NeMLA‘s 51st Annual Conference, March 5-8, 2020, Boston 

Despite the major effects of the UN’s “Declaration of Human Rights” on the global environment, the writing of and the implementation of rights do not guarantee protection of those rights. Instead, the 21st century led to a growth of human rights violations across the world. To quote Joseph Slaughter: if it can be called the “age of human rights” it is also the “age of human rights violations” (6). This polarized perception has only led to a growth of works that overtly engage the reader/viewer/player with both of the notions of rights and how the violations affect the individual and the community, yet it is the imagining of rights which become an important component of social justice and, at times, can be more redemptive than the enforcement of law because it emphasizes what it means to be human. 

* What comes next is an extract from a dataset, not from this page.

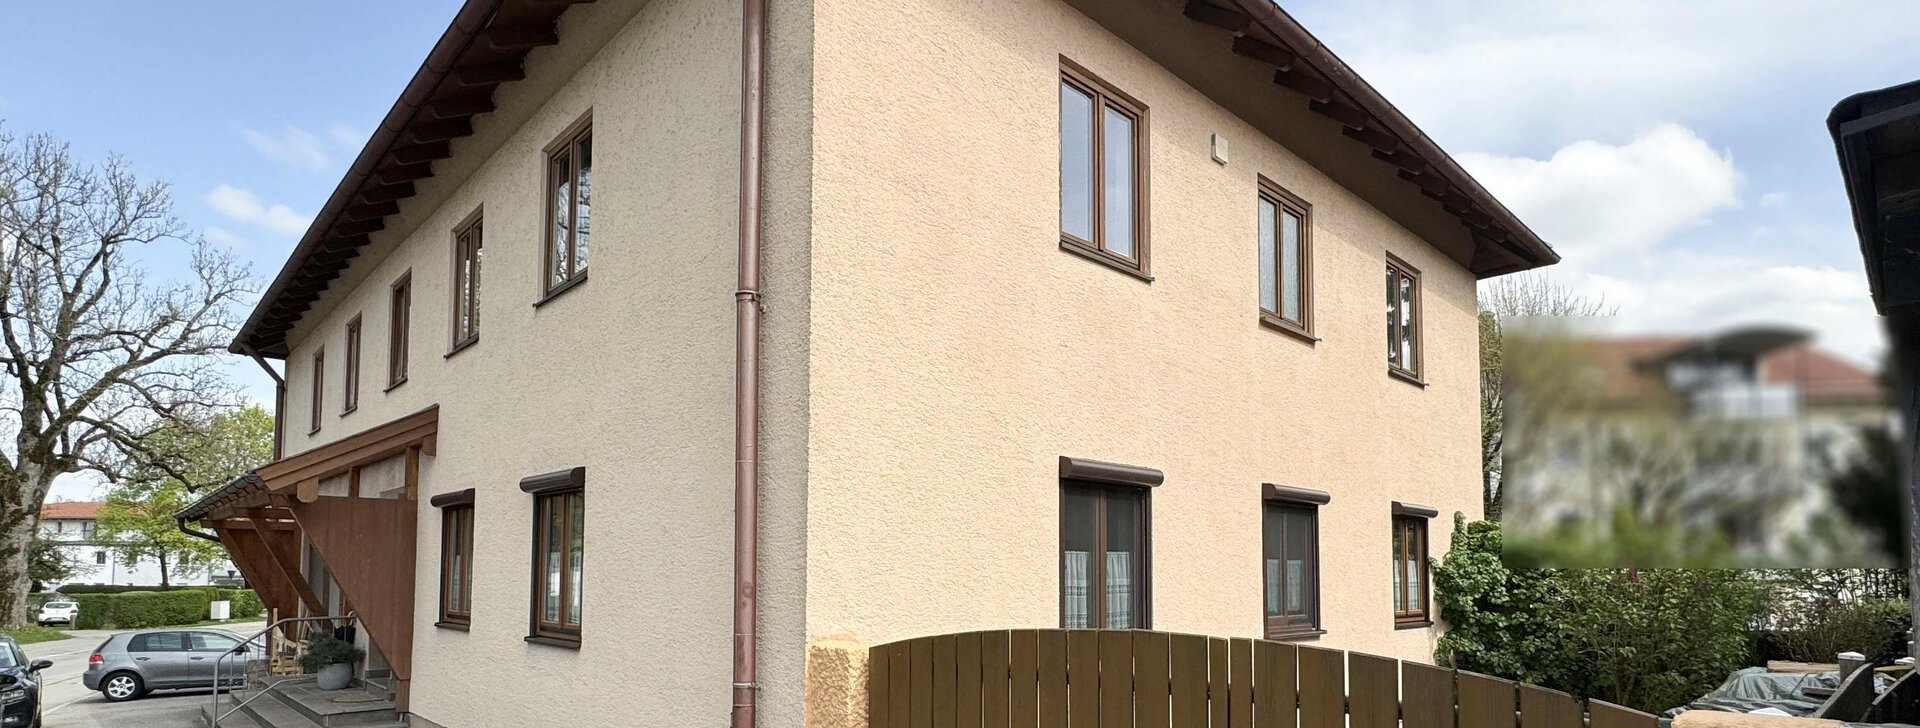 Außenansicht, 2-Zimmer-Wohnung in Traunstein, Immobilie kaufen, Traunstein | © HausBauHaus GmbH

In addition, the growth of technology also gave way to a new way of imagining our rights both in function and form. This panel invites papers that engage with the imagining and interpretation of human rights in 21st-century literature, with a preference toward a multi-genre approach including digital literatures. Lastly, it also seeks papers that question the role of the human in the conception of rights: What does it mean to be human and what does it mean to be non-human?

Work Cited

Slaughter, Joseph R. Human Rights, Inc.: the World Novel, Narrative Form, and International Law. Fordham Univ. Press, 2009.